The two most beautifully dressed women to walk the Red Carpet Thursday were decked out in custom-made gowns designed by Adrian - one from *The Women* and one from *The Philadelphia Story*. The Countess and Cheryl were style incarnate.


"Up went my hand just like a third grader!" - Vice-President of Studio Production Sean Cameron in response to Peter O'Toole's dinner party inquiry if anyone was going to join him in a glass of wine.


On a dark and stormy night in Hollywood, the throngs are eagerly anticipating a timely screening of *The Wolf Man* in 35mm. Film Festival Special Guest Rick Baker, the master of make-up, may be more excited than anyone as he has never seen the film on the Big Screen.


"TCM is not just a television channel. It is a lifestyle." - TCM President Jeff Gregor


Another "TCM Night At The Movies" is coming in October with a look at political films. And a documentary is in the works profiling Darryl F. Zanuck.

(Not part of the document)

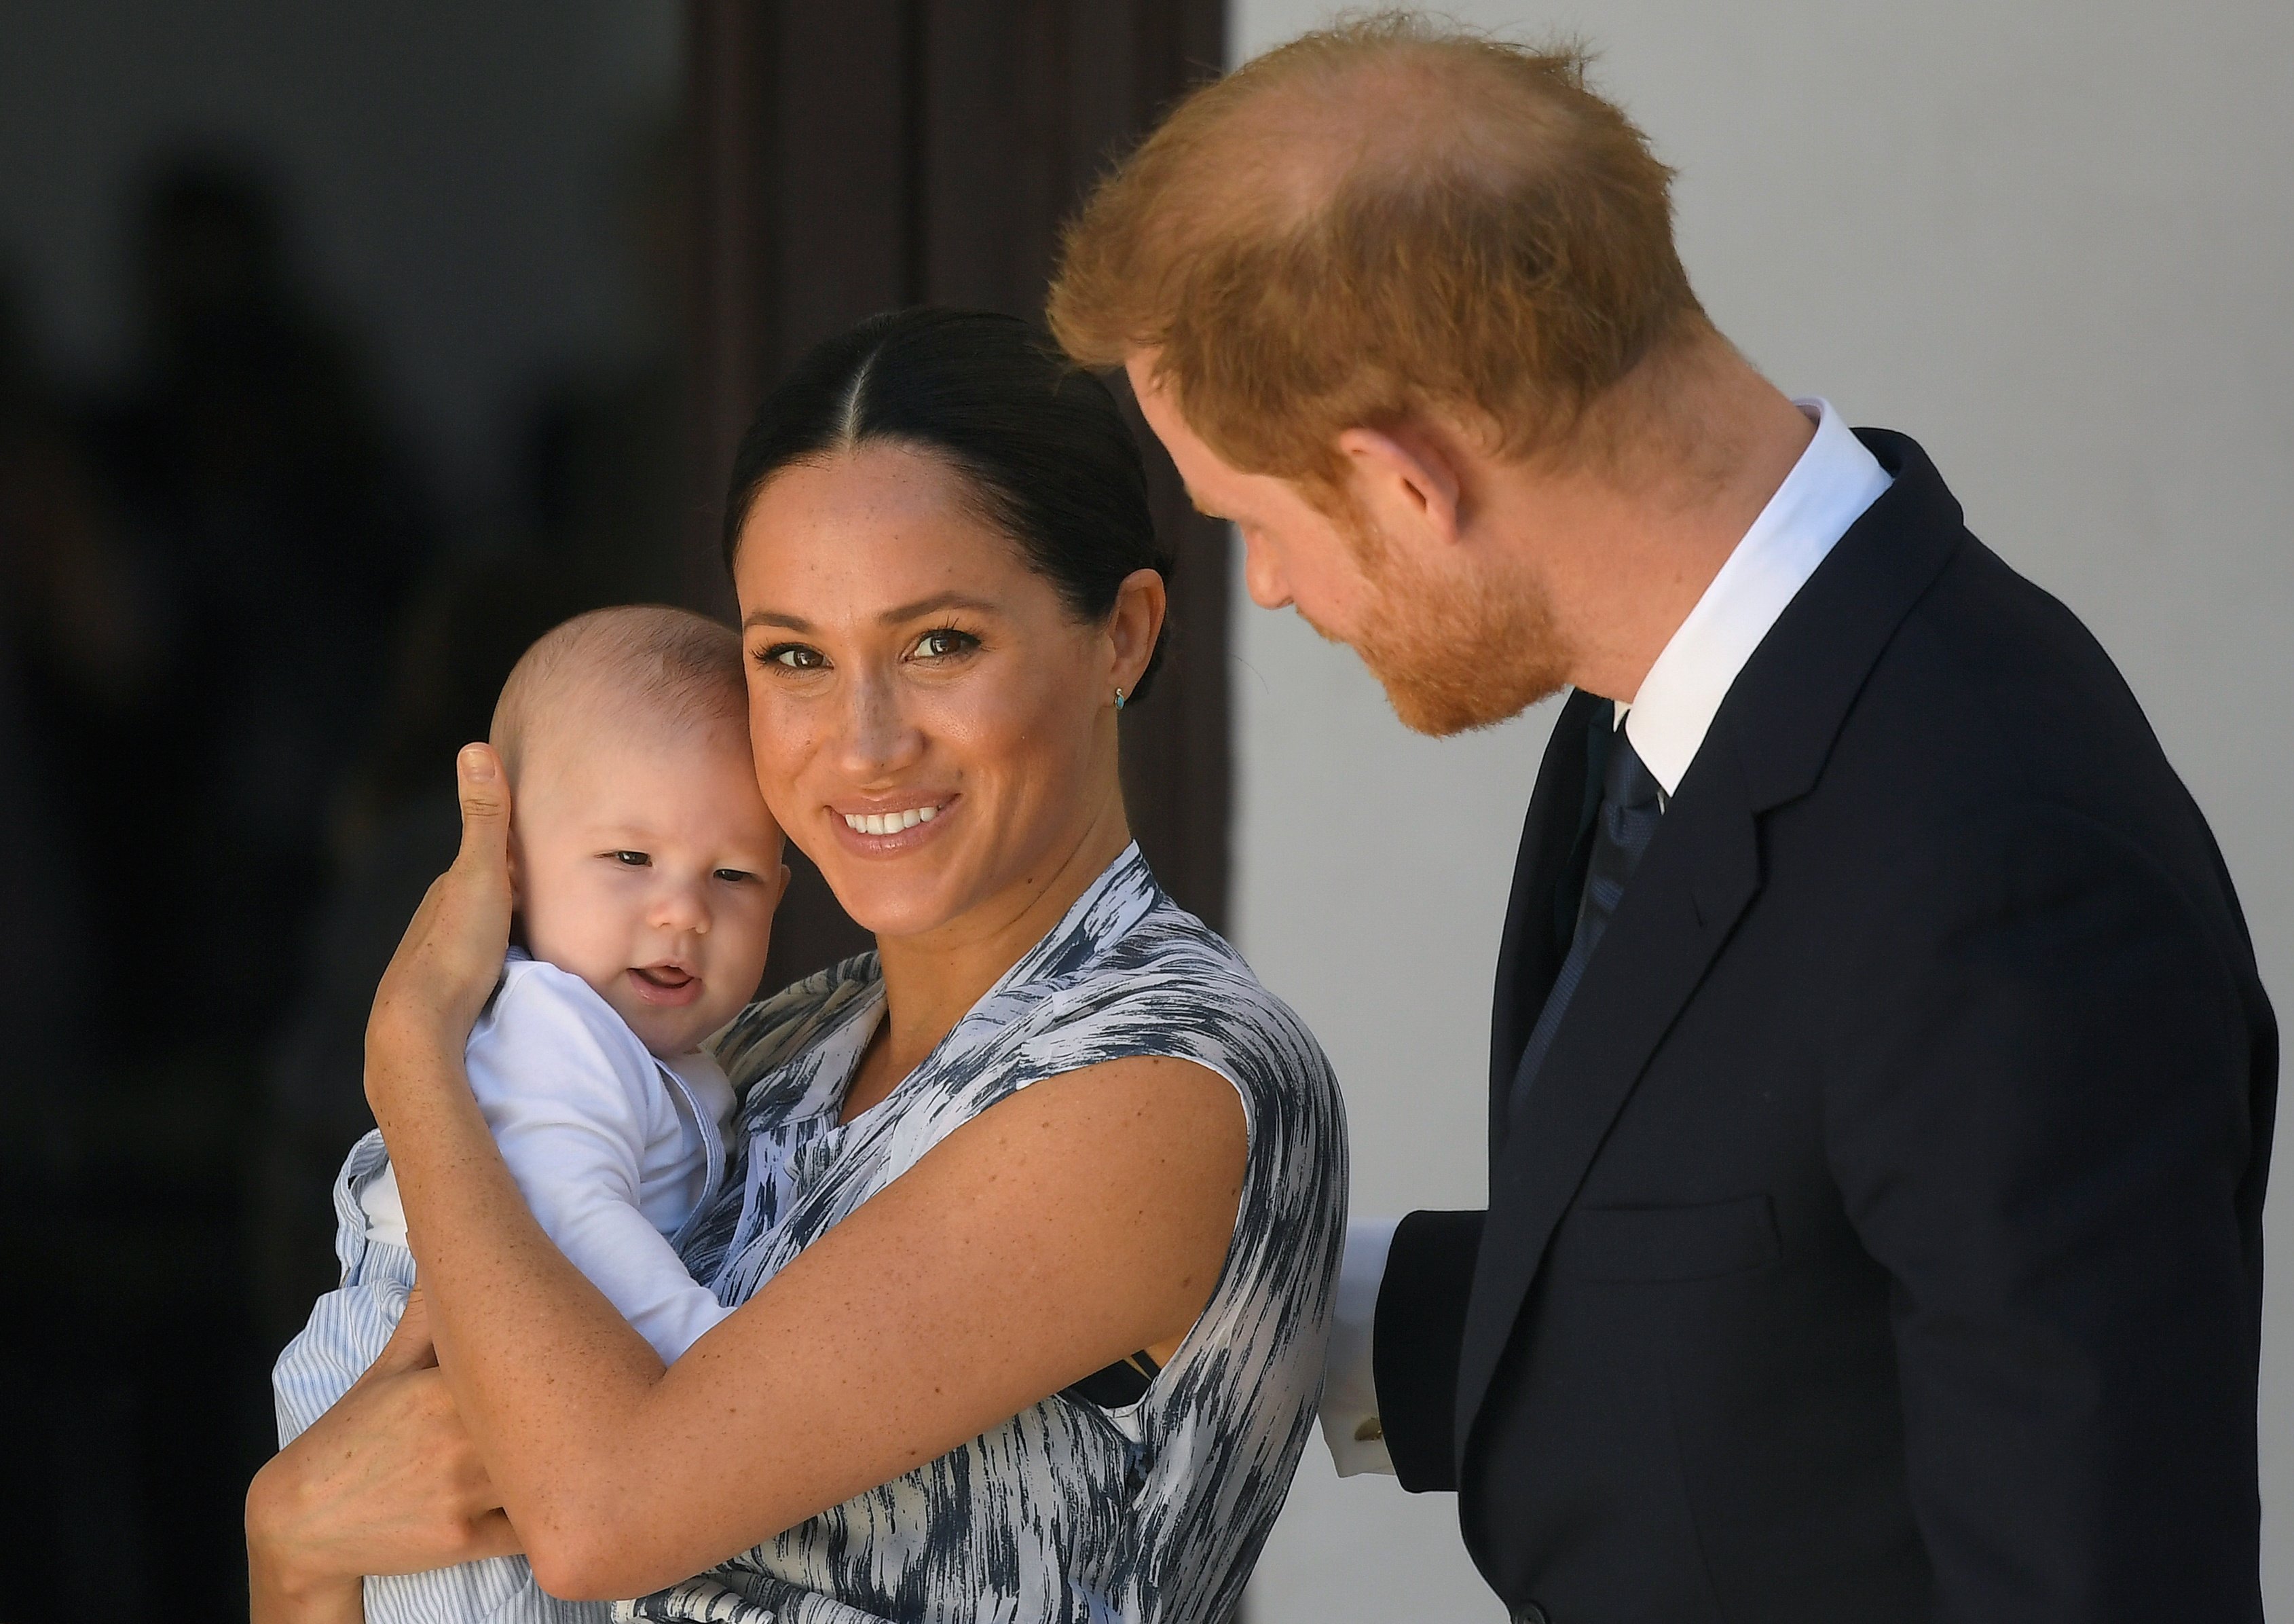 Prince Harry, Duke of Sussex and Meghan, Duchess of Sussex and their baby son Archie Mountbatten-Windsor in South Africa on September 25, 2019 in Cape Town, South Africa. | Source: Getty Image

Demographically, 66% percent of TCM's audience is between the ages of 18 and 49. TCM doesn't have to alter its programming on the channel to attract them. It turns out they are already viewers. And the dominant ones, at that.


"Find Me A Dress!" - lucky Festival-goer who got invited to the *Cabaret* Gala at the last minute. And the stylish women of the Festival came through fabulously! You looked great Cathy.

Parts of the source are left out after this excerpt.